Creating New Databricks / Spark SQL Connections

Arcadia Enterprise supports Databricks / Spark SQL data connections.

This connection type provides basic connectivity and functionality for Databricks / Spark SQL Connections, running queries faster then Hive connections. However, it does not support the use of save table and data sampling features, analytical views, or flow and funnel visuals.

You can create fully managed Spark clusters on Amazon AWS Databricks or Microsoft Azure Databricks.

The following steps demonstrate how to create new Databricks / Spark SQL data connections.

Availability Note. This connection type requires the presence of a Spark Thrift Server.
Developer Notes:

Note the following known issue that affects Databricks / Spark SQL connections:

Create New Data Connection Modal Window: Databricks / Spark SQL
Create a New Databricks / Spark SQL Connection
  1. On the main navigation bar, click Data.

    Click DATA on main navigation bar

    The Data view appears, open on the Datasets tab.

    Main landing page of DATA
  2. In the side bar, click New Connection.

    Create New Connection

    The Create New Data Connection modal window appears.

  3. In the Create New Data Connection modal window, under Connection type, select Databricks / Spark SQL.
  4. Under Connection name, specify the name of the new connection. Here, we use DatabricksSparkSQLConnection.
  5. Under Hostname or IP address, specify the name of your database host, or its IP address; use localhost when the data source is local.

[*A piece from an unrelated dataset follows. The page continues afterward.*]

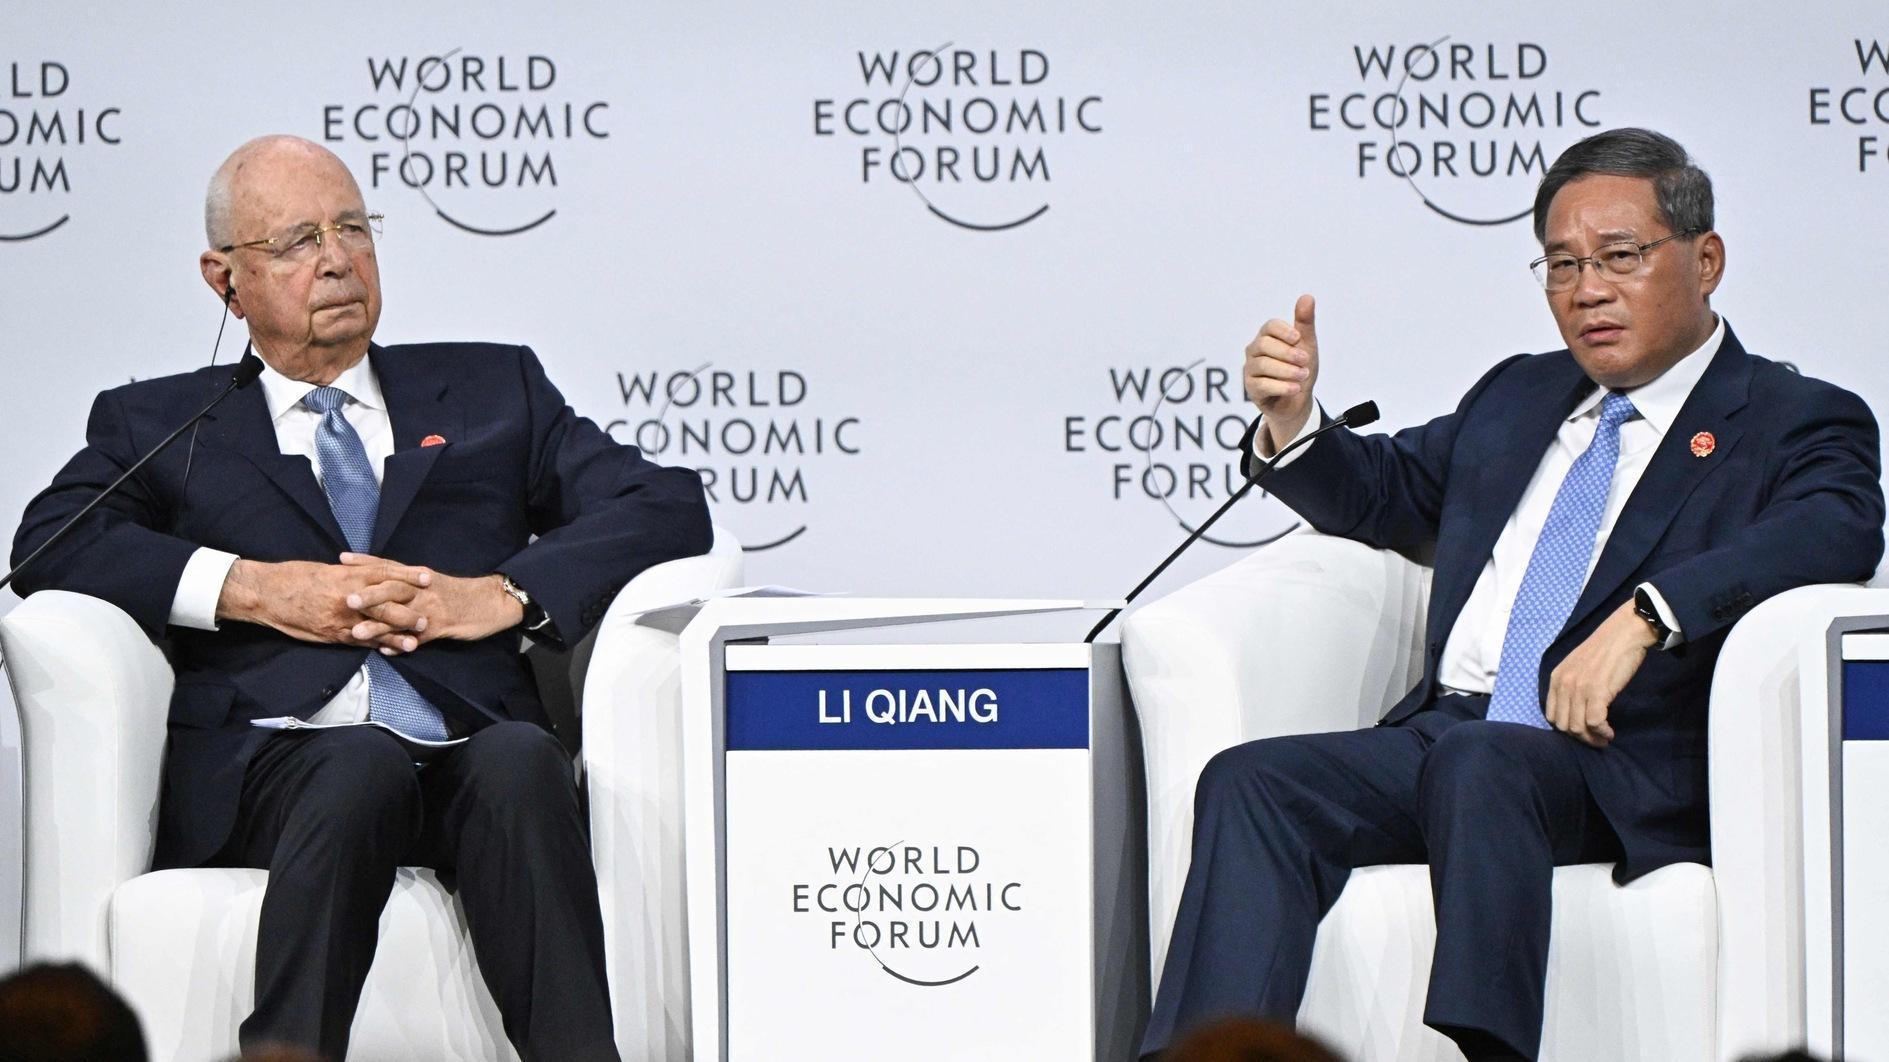 China premier calls to oppose decoupling at economic forum

  6. Under Port #, enter the port number. The default port # for Databricks / Spark SQL connections is 10000.
  7. Under Credentials, complete the following entries.

    • Under Username, enter the username for establishing the connection.

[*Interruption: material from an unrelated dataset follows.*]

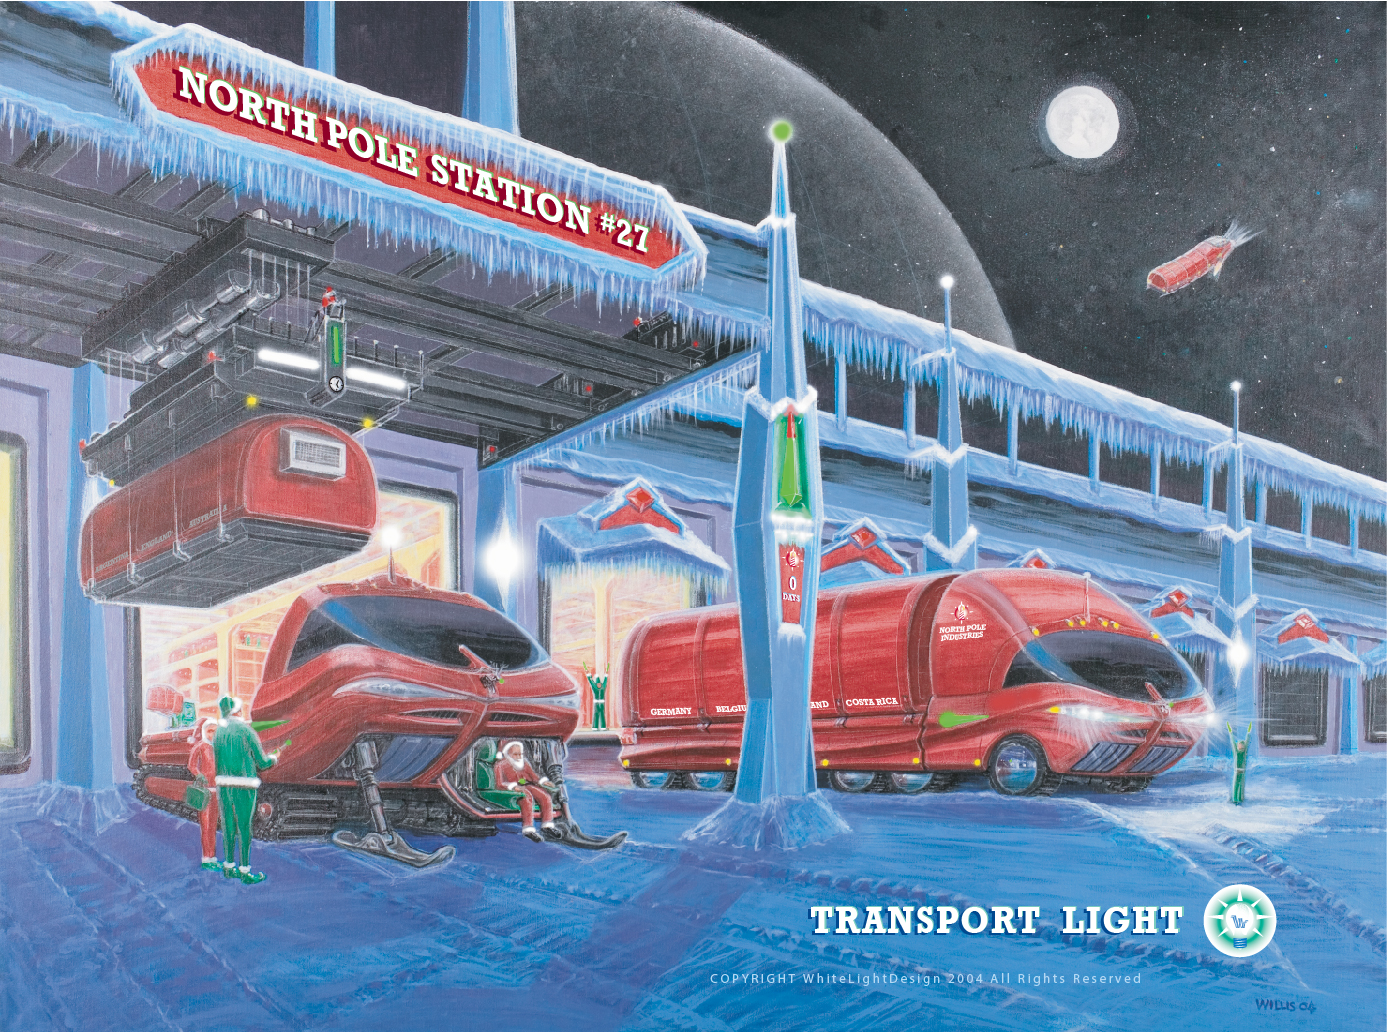 Transport Light Holiday Card 2003

    • Under Password, enter the password for establishing the connection.

  8. At the bottom of the modal, click Test.

    testing connection
    Testing the New Connection

    If the connection is valid, the system returns a 'Connection Verified' message.

  9. Click Save.

    connection verified, connecting
    Connecting a Verified Connection

After this operation succeeds, the new connection name appears on the side navigation bar.

Advanced Options

To select advanced connection options, click the Advanced tab, and make changes to any of the following options:

advanced connection options
Advanced Options
  • Connection Mode
    To authenticate and access a Databricks / Spark SQL connection, follow these steps:
  • Socket Type

    Choose one of the following Socket types:

    • Normal

      Default setting

    • SSL
    • SSL with certificate

      If you select this option, you can use the Allow Common Name - Host Name Mismatch option, which means that the issued SSL certificate name does not have to match the host name of the server. By default, the names must match.

  • Authentication Mode

    Choose one of the Authentication modes:

    • NoSasl
    • Plain
    • LDAP
    • Kerberos

      Kerberos authentication is only available on Linux platforms.

  • Query Timeout

    Specify Query Timeout. The default value is 60 seconds.

  • Session Timeout

    Specify Session Timeout. The default value is 0, which means that sessions do not time out.

  • Socket Timeout

    Specify Socket Timeout. The default value is 60.

  • Queue depth

    Queue depth controls the maximum number of simultaneous queries on the connection.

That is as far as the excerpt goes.